Now that we added sleep stages, we are deprecating the asleep case in favor of asleepUnspecified, which indicates that the user is asleep but no sleep stage was specified.
With the updated sleep samples enum, it is now possible to save and read sleep stages data from HealthKit.
We added a new predicate to make it easy to read sleep samples for a given stage.
Let's say I want to read sleep samples in the REM stage.
First, I create a predicate using the new predicateForSamples method with asleepREM as value.
Now, I can start building my query.
I create a predicate for my query with the sleepAnalysis sample type and the sleep stage predicate.
And with this query predicate, I can now create my query.
Running the query will give me back an array of sleep samples in the REM stage.
However, if you're interested in reading samples for all sleep stages, including unspecified, it's important that you update your app to use the new .allAsleepValues when building your predicate.
If you haven't looked at HealthKit since last year, this shorter syntax for querying may look unfamiliar to you.
Since iOS 15.4, we have updated our query API to support Swift async.
Queries are an essential piece of HealthKit, and with Swift async support, they're easier to use with a more concise syntax.
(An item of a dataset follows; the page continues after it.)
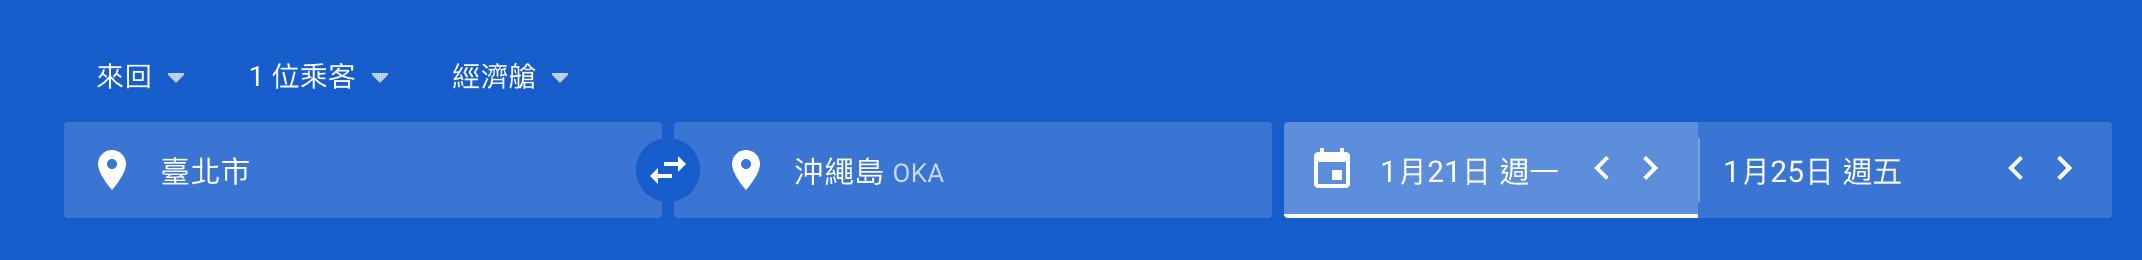 Google Flights 測試一下台北到沖繩的機票(研究生的點數旅行筆記)

Queries allow you to read various data from HealthKit, using predicates to filter the results, and also watch for new data as it comes in.
All queries are subclasses of HKQuery.
If I'm interested in knowing the total calories burned over a certain period of time, a great query to get these computed statistics is HKStatisticsCollectionQuery.
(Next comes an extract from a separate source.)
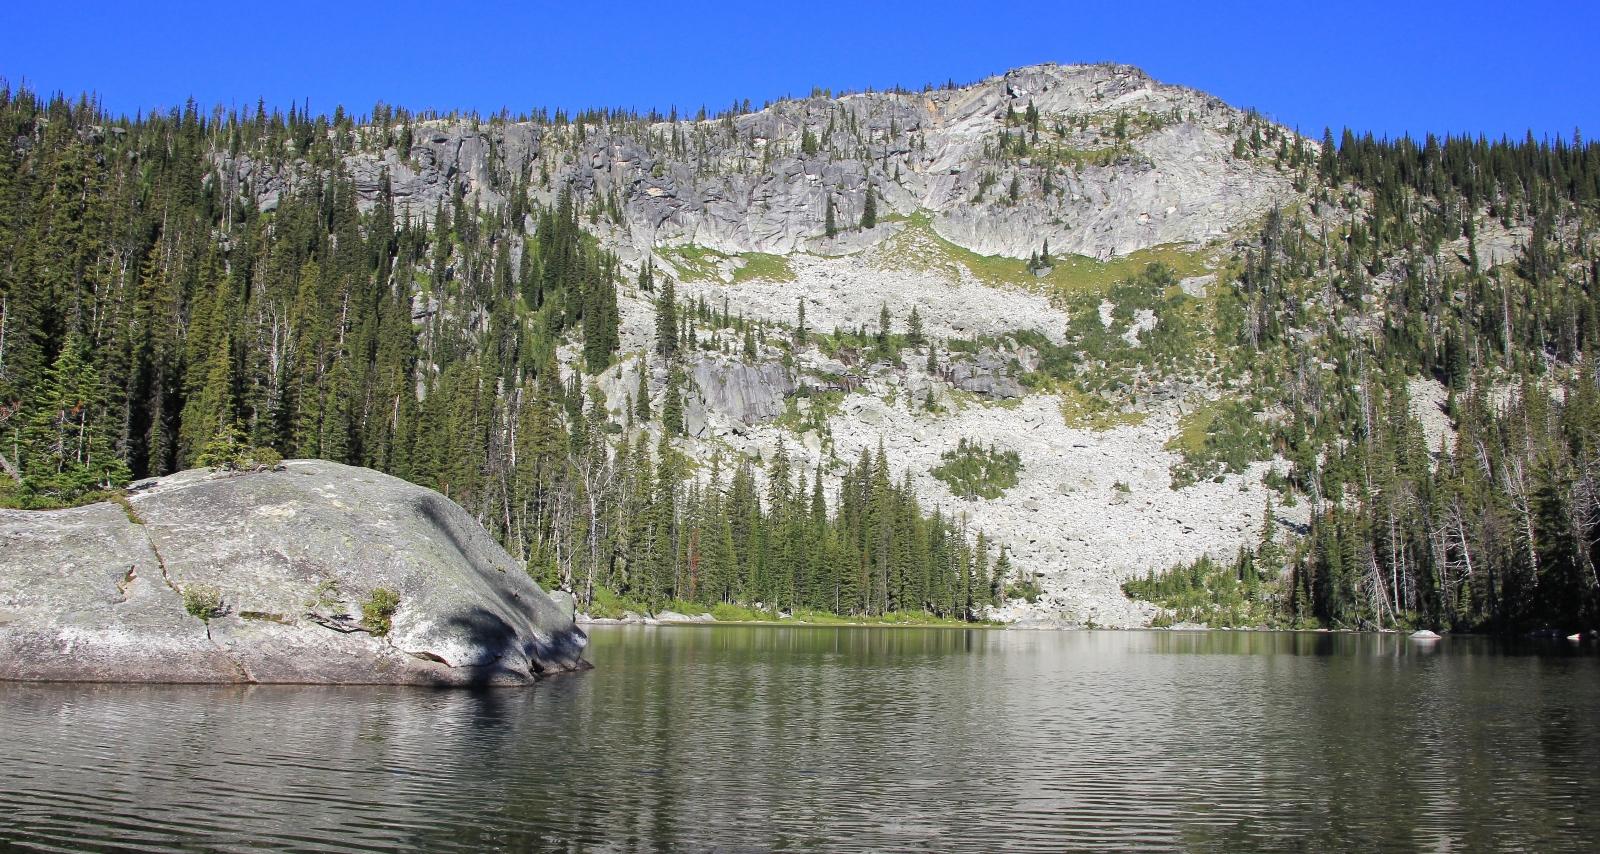 07-24-16-big-fisher-lake-bp-63-copy

To get the initial results, you would set the initialResultsHandler closure of the query.
And if you're interested in watching for any updates, you would additionally set the statisticsUpdateHandler closure.
Once the query is started, these closures will be called with the results.
Thanks to Swift async, we are making this even simpler.
Each query now has a matching query descriptor, so HKStatisticsCollectionQuery becomes HKStatisticsCollectionQuery Descriptor.
You get the initial result by simply calling the async result(for:) method.
If, on the other hand, you want to get the initial result and also watch for updates, you call results(for:), which returns an AsyncSequence that you can loop through to read the results.
HealthKit is great for tracking workouts and relevant metrics such as burned calories.
To find out how many calories I burned this week, I can use the statistics collection query descriptor.
First, I create the query descriptor with a predicate to match calorie samples.
I use the cumulativeSum option because I want the total sum.
I'm interested in this week's data, so I use thisSunday as my anchorDate.
And finally, I want my calorie totals to be computed for a time interval of one week.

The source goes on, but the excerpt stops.